> WHAT TO WORK ON
From the first line onward, reproduce the records exactly; the final line to include is the one holding "A smooth gravel".

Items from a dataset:

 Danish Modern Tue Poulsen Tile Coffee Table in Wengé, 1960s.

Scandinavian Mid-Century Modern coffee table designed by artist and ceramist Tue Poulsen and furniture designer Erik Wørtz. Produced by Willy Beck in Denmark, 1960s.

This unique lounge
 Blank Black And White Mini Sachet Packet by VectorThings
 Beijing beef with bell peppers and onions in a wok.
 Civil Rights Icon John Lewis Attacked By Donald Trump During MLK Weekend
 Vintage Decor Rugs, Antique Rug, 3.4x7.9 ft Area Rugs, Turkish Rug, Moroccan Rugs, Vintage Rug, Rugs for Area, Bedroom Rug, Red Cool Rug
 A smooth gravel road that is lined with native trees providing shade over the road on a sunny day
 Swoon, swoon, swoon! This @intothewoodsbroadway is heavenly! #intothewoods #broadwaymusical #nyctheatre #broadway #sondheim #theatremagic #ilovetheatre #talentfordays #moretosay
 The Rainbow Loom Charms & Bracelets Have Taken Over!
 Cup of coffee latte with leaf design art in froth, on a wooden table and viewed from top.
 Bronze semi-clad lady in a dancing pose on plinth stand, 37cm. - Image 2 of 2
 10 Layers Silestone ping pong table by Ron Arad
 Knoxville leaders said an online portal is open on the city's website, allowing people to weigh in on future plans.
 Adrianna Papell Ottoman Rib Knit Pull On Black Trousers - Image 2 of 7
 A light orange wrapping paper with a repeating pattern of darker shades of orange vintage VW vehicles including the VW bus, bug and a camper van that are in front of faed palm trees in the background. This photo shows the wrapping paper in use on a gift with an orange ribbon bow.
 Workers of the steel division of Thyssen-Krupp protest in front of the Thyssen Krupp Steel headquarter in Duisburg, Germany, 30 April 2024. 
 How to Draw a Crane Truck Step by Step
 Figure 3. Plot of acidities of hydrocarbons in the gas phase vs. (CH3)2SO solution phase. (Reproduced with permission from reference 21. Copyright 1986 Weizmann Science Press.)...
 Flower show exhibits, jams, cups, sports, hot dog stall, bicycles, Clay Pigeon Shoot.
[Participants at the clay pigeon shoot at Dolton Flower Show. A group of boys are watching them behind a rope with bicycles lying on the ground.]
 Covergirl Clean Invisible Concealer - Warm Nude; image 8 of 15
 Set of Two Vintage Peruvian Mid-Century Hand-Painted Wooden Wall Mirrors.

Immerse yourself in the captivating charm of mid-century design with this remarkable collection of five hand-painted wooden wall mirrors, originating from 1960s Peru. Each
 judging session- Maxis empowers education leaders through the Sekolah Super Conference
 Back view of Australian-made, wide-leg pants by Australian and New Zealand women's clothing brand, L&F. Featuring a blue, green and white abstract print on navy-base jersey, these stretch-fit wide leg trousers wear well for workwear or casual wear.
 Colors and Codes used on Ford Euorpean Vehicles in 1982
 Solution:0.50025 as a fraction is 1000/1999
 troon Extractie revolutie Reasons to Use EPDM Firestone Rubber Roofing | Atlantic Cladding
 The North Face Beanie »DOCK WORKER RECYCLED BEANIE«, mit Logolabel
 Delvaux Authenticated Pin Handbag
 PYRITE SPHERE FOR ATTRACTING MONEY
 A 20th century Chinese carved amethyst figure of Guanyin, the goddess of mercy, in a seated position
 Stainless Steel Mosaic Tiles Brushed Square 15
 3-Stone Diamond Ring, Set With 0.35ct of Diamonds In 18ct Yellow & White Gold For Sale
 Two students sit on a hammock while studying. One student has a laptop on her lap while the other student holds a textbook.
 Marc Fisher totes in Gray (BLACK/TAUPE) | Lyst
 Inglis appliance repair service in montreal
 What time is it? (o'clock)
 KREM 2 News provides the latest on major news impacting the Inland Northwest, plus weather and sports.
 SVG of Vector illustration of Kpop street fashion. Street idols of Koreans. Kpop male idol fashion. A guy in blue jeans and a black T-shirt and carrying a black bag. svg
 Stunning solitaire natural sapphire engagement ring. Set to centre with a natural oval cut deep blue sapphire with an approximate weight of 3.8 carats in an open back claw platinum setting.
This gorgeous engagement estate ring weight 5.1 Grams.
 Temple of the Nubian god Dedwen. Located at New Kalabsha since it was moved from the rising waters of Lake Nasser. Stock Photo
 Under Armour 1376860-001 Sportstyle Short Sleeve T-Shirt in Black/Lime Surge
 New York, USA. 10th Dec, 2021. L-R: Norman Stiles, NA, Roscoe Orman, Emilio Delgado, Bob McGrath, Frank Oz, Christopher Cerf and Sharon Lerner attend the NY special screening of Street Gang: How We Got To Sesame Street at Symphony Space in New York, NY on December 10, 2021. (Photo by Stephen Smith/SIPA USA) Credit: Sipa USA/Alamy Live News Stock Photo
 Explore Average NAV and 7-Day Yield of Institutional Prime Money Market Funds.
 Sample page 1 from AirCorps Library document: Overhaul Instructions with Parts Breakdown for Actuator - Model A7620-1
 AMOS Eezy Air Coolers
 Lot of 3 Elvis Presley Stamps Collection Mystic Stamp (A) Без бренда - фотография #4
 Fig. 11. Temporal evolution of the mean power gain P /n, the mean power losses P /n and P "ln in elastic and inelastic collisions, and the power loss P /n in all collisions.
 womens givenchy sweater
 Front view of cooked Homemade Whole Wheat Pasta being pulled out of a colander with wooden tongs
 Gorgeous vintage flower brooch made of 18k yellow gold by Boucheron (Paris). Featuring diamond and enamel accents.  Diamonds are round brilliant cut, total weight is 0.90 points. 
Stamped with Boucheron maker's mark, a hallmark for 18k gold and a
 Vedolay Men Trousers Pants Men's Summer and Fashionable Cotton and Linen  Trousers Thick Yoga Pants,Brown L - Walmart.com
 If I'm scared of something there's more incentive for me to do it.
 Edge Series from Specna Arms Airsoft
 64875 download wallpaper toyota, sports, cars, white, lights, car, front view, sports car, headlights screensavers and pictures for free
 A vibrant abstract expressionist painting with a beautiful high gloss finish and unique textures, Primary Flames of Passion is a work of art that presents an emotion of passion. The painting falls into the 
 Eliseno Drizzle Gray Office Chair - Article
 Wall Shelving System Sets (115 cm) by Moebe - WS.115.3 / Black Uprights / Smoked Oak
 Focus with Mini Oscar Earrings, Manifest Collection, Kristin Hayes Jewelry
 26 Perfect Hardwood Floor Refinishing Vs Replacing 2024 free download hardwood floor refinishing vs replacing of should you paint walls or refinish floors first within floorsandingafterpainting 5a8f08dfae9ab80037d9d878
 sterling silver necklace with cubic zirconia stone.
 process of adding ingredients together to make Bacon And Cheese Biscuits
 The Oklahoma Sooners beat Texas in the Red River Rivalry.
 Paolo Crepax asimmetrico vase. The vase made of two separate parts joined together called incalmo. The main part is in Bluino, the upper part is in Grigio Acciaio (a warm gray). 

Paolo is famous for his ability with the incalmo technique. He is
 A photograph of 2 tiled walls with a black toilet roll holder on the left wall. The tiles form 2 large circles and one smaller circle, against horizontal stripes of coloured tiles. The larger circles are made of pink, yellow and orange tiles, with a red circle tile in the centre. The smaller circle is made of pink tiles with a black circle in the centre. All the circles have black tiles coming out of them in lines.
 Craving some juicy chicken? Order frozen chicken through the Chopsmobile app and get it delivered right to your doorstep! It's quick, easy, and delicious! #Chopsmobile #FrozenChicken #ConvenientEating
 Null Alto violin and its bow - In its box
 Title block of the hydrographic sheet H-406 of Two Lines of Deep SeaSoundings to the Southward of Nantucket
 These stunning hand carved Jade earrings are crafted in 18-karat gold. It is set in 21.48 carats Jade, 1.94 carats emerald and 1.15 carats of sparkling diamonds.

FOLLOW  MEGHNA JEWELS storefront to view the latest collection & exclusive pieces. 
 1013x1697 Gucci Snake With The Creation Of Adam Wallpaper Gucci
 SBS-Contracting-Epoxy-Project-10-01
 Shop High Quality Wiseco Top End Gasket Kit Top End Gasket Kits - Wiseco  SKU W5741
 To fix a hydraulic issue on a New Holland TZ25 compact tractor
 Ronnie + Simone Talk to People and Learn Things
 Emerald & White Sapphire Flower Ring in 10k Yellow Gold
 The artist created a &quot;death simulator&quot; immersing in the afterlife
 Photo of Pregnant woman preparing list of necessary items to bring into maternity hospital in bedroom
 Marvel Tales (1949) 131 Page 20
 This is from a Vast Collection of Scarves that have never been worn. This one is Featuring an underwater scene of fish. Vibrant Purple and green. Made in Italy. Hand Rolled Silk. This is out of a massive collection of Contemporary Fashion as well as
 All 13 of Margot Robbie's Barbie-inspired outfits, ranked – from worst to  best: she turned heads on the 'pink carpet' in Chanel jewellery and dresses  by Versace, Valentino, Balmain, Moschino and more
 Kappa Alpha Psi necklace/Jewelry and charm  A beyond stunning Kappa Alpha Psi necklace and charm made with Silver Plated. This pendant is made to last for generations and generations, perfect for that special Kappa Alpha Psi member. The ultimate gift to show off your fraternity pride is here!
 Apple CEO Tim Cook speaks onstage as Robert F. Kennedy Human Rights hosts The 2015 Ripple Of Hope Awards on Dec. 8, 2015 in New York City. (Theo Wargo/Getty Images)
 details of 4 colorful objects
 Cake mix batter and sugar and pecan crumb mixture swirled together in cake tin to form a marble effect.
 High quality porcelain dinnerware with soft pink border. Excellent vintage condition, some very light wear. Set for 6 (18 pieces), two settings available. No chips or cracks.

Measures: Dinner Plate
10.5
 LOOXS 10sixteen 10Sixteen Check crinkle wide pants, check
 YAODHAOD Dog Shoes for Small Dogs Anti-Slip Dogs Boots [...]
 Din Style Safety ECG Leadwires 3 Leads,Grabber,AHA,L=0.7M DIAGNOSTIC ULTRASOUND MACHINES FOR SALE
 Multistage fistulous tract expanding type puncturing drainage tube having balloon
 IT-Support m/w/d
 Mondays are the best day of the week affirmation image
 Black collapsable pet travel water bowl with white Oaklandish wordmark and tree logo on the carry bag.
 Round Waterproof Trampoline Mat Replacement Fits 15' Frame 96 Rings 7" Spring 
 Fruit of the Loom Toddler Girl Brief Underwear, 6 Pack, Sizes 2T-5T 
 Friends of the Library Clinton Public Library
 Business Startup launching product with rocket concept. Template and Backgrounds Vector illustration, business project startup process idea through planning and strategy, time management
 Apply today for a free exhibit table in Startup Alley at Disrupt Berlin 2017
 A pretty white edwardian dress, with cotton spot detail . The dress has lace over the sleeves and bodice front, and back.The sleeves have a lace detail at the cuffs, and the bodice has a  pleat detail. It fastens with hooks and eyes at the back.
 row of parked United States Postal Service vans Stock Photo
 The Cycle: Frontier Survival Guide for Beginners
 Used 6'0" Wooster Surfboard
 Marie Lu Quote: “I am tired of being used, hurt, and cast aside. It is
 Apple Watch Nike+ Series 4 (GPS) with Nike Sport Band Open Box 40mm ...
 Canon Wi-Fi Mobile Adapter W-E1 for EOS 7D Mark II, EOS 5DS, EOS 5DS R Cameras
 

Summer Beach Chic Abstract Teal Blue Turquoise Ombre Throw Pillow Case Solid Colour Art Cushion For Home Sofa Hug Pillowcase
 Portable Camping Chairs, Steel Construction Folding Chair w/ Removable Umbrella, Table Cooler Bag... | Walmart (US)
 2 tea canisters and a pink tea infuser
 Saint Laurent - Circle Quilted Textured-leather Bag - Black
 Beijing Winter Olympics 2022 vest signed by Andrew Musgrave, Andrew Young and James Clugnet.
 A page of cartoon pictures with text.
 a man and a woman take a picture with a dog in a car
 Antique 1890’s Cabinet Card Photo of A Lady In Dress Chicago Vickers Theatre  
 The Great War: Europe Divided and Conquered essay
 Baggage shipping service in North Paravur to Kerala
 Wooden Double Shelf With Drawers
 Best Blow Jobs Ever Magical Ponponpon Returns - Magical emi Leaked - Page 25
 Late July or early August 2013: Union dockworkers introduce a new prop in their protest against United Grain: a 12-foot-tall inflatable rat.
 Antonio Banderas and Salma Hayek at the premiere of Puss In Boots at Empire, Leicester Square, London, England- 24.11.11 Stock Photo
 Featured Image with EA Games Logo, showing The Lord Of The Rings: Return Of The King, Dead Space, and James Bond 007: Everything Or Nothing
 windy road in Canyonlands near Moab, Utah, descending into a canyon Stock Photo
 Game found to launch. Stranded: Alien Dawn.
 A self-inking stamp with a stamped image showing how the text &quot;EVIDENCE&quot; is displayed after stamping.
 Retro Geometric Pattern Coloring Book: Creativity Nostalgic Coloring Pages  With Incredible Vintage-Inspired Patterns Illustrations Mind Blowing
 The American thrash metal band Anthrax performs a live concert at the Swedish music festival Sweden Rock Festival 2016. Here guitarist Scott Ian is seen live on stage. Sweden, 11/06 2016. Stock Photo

> WRITTEN SOLUTION
 Danish Modern Tue Poulsen Tile Coffee Table in Wengé, 1960s.

Scandinavian Mid-Century Modern coffee table designed by artist and ceramist Tue Poulsen and furniture designer Erik Wørtz. Produced by Willy Beck in Denmark, 1960s.

This unique lounge
 Blank Black And White Mini Sachet Packet by VectorThings
 Beijing beef with bell peppers and onions in a wok.
 Civil Rights Icon John Lewis Attacked By Donald Trump During MLK Weekend
 Vintage Decor Rugs, Antique Rug, 3.4x7.9 ft Area Rugs, Turkish Rug, Moroccan Rugs, Vintage Rug, Rugs for Area, Bedroom Rug, Red Cool Rug
 A smooth gravel road that is lined with native trees providing shade over the road on a sunny day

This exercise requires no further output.